Graph sub-sampling for divide-and-conquer algorithms in large networks

Eric Yanchenko
2024-09-11
Abstract:As networks continue to increase in size, current methods must be capable of handling large numbers of nodes and edges in order to be practically relevant. Instead of working directly with the entire (large) network, analyzing sub-networks has become a popular approach. Due to a network's inherent inter-connectedness, sub-sampling is not a trivial task. While this problem has gained attention in recent years, it has not received sufficient attention from the statistics community. In this work, we provide a thorough comparison of seven graph sub-sampling algorithms by applying them to divide-and-conquer algorithms for community structure and core-periphery (CP) structure. After discussing the various algorithms and sub-sampling routines, we derive theoretical results for the mis-classification rate of the divide-and-conquer algorithm for CP structure under various sub-sampling schemes. We then perform extensive experiments on both simulated and real-world data to compare the various methods. For the community detection task, we found that sampling nodes uniformly at random yields the best performance. For CP structure on the other hand, there was no single winner, but algorithms which sampled core nodes at a higher rate consistently outperformed other sampling routines, e.g., random edge sampling and random walk sampling. The varying performance of the sampling algorithms on different tasks demonstrates the importance of carefully selecting a sub-sampling routine for the specific application.
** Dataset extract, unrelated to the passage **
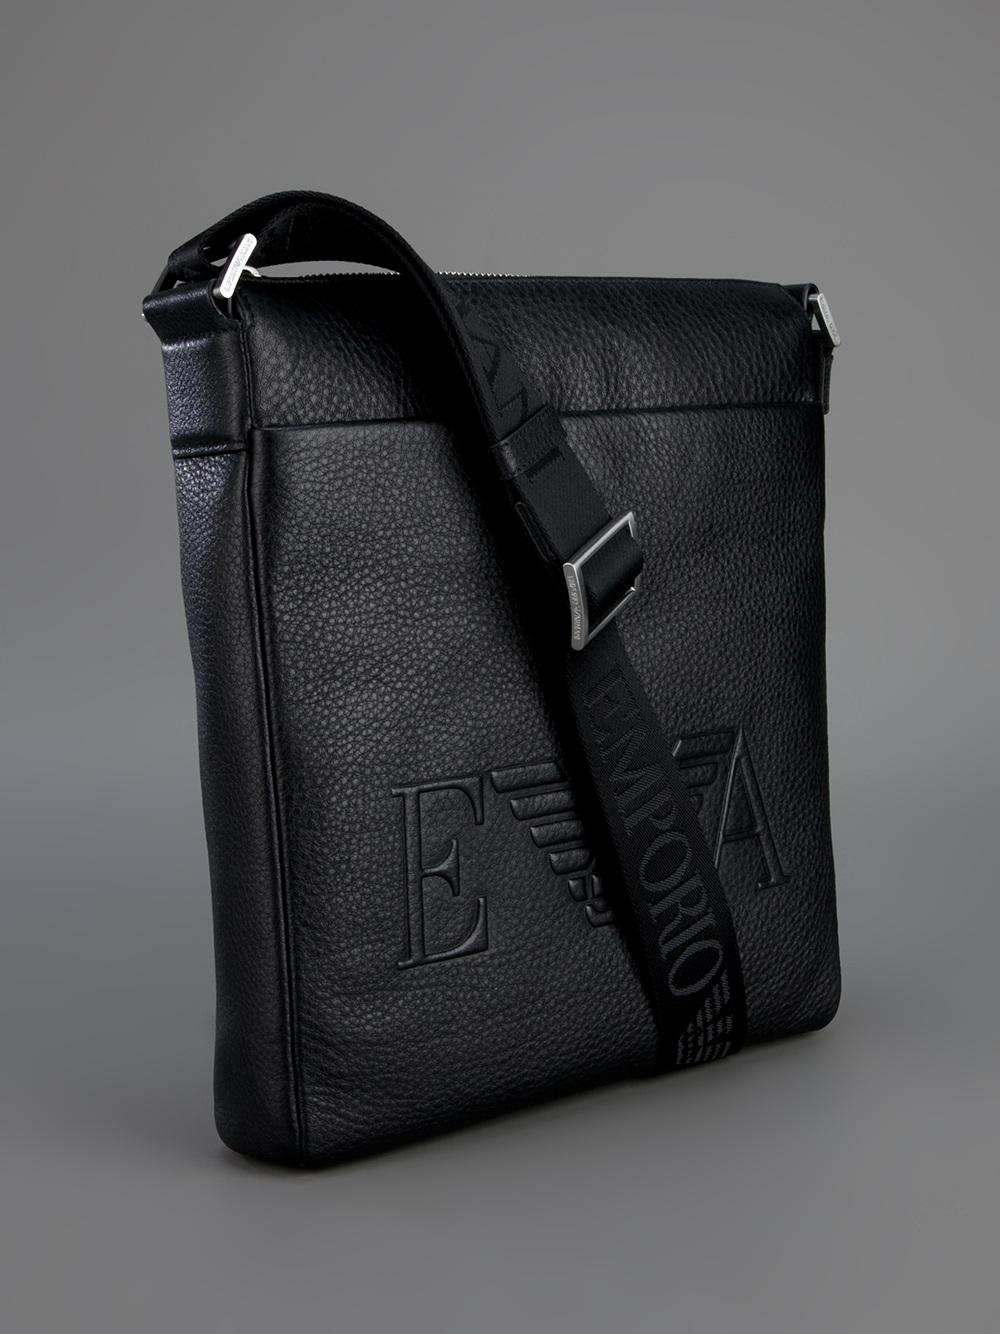 6b17e22cfc7 Emporio Armani Messenger Bag in Black for Men - Lyst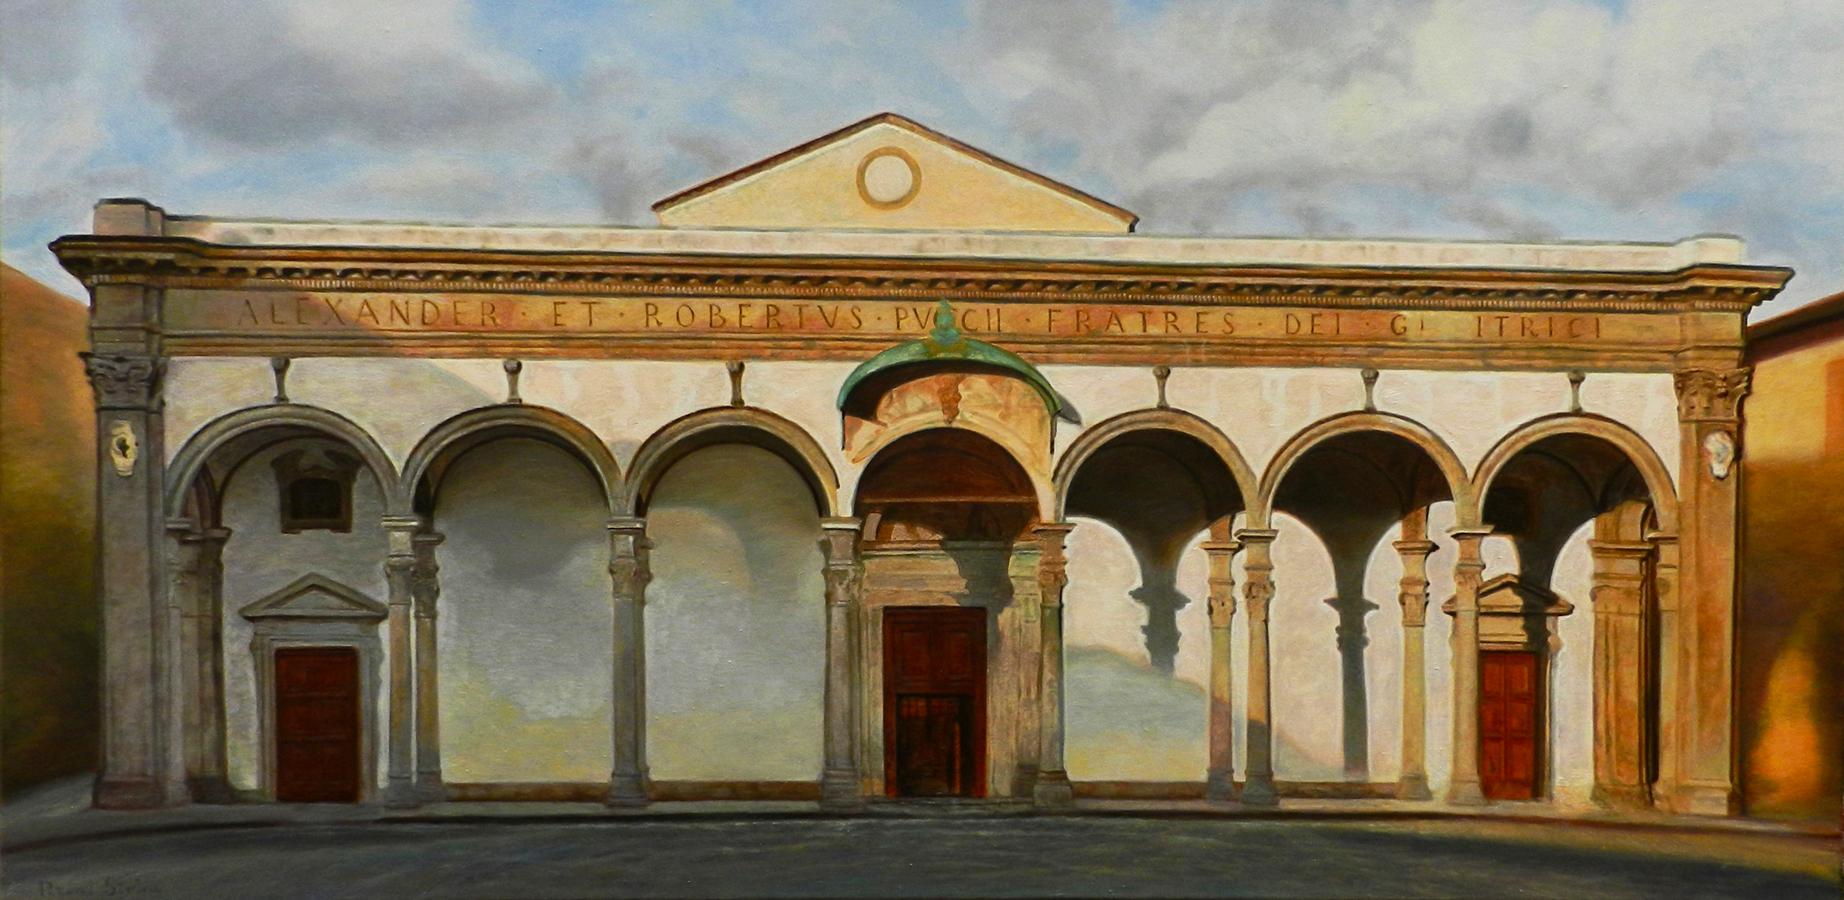 Santissima Annunziata, Firenze | Ulei pe pânză | 50 x 100 cm | 2019 | 700 Euro

Social and Information Networks,Computation
What problem does this paper attempt to address?
### What problem does this paper attempt to solve? This paper aims to solve the problem of graph sub - sampling in large - scale network analysis. As the scale of networks continues to increase, existing methods need to be able to handle a large number of nodes and edges in order to have practical application value. It is usually impractical to directly analyze the entire large - scale network, so analyzing sub - networks has become a popular method. However, due to the complex inter - connectivity of the network itself, sub - sampling is not a simple problem. Specifically, this paper focuses on the following points: 1. **Importance of sub - sampling**: Sub - sampling is crucial in large - scale network analysis because it can break down large - scale data sets into multiple smaller data sets for processing, thereby significantly improving computational efficiency. However, choosing an appropriate sub - sampling method is very important for maintaining network structure characteristics and ensuring the effectiveness of analysis results. 2. **Comparison of sub - sampling methods**: The author compares seven sub - sampling algorithms and applies them to divide - and - conquer algorithms to identify community structure and core - periphery (CP) structure. Through theoretical analysis and experimental verification, the performance of different sub - sampling methods in these tasks is evaluated. 3. **Theoretical analysis**: The author derives theoretical results of the mis - classification rate of the divide - and - conquer algorithm for CP structure under different sub - sampling schemes. This helps to understand the impact of different sub - sampling methods on algorithm performance. 4. **Empirical research**: Through extensive experiments on simulated data and real - world data, the effects of various sub - sampling methods are compared. The results show that for the community detection task, random node sampling performs best; while for the CP structure identification task, algorithms that sample core nodes with a higher probability (such as edge sampling and random walk sampling) usually perform better. In conclusion, this paper attempts to provide guidance on how to select the most appropriate sub - sampling strategy in large - scale network analysis by systematically comparing different sub - sampling methods to ensure efficiency and accuracy in different tasks.